Of all the entries below, retype only the lines from the one with "Thorvald SC94 Side" through the one with "White Pack of", exactly as they appear.

● **SOURCE RECORDS**
▼

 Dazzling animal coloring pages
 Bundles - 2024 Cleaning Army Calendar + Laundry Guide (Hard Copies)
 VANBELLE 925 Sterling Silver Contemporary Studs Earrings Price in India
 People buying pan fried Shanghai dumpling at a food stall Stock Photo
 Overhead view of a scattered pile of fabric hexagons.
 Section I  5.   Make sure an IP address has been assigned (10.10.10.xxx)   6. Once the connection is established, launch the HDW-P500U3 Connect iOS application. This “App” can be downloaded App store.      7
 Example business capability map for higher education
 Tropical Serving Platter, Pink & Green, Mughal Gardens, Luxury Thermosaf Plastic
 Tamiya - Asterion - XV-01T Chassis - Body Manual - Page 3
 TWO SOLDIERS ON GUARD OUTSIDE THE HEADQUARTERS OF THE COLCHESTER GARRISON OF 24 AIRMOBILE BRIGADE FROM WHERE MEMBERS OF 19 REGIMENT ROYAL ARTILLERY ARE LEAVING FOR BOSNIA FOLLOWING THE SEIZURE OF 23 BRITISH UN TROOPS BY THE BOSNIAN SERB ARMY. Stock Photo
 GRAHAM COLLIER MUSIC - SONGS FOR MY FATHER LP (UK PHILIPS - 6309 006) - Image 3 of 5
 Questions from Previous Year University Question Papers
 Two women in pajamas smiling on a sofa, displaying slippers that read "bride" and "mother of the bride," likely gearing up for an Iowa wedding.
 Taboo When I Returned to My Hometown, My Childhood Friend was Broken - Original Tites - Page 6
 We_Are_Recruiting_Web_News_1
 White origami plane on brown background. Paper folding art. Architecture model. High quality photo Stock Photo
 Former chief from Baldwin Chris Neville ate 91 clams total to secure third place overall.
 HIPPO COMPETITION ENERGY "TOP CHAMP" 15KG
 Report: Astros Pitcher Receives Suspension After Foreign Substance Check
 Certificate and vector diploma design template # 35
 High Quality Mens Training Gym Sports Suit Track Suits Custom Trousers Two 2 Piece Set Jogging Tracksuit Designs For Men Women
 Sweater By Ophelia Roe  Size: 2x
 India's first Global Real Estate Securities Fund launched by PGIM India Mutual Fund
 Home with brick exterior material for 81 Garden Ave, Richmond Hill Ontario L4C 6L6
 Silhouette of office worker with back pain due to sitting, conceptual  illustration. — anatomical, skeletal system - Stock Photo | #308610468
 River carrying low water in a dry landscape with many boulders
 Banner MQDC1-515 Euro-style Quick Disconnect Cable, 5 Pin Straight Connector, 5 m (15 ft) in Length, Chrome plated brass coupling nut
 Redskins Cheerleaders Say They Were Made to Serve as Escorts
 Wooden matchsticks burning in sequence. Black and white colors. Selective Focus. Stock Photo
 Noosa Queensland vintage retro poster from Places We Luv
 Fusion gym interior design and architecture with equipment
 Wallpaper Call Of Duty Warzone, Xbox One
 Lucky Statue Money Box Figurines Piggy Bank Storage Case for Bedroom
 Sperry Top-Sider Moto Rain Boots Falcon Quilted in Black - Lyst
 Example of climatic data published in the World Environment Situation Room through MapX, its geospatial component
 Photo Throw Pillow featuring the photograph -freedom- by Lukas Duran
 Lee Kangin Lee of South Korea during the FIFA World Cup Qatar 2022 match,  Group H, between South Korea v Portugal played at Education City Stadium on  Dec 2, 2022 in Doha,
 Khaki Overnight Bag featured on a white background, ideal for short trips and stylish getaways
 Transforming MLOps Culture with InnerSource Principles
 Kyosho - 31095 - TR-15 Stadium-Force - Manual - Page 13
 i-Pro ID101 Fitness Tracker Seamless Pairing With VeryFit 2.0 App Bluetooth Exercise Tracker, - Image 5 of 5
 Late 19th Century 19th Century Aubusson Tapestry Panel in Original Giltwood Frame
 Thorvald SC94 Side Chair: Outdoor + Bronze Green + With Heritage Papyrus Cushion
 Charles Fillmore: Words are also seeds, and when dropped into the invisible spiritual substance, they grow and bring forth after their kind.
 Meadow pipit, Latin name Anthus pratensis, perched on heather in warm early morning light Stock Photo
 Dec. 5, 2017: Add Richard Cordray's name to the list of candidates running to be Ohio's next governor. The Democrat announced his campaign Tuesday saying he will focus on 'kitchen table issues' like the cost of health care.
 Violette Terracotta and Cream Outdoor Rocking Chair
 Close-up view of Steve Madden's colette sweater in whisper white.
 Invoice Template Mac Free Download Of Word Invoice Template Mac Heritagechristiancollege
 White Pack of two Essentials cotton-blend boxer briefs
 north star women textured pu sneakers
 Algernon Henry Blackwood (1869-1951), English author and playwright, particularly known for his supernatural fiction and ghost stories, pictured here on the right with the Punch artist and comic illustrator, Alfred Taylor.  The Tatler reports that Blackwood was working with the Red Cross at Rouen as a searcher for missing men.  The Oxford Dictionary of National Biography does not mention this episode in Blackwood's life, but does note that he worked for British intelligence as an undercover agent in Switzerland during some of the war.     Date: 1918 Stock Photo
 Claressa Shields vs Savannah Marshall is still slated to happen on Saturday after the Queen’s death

▲

● **RESULT OF THE TASK**
 Thorvald SC94 Side Chair: Outdoor + Bronze Green + With Heritage Papyrus Cushion
 Charles Fillmore: Words are also seeds, and when dropped into the invisible spiritual substance, they grow and bring forth after their kind.
 Meadow pipit, Latin name Anthus pratensis, perched on heather in warm early morning light Stock Photo
 Dec. 5, 2017: Add Richard Cordray's name to the list of candidates running to be Ohio's next governor. The Democrat announced his campaign Tuesday saying he will focus on 'kitchen table issues' like the cost of health care.
 Violette Terracotta and Cream Outdoor Rocking Chair
 Close-up view of Steve Madden's colette sweater in whisper white.
 Invoice Template Mac Free Download Of Word Invoice Template Mac Heritagechristiancollege
 White Pack of two Essentials cotton-blend boxer briefs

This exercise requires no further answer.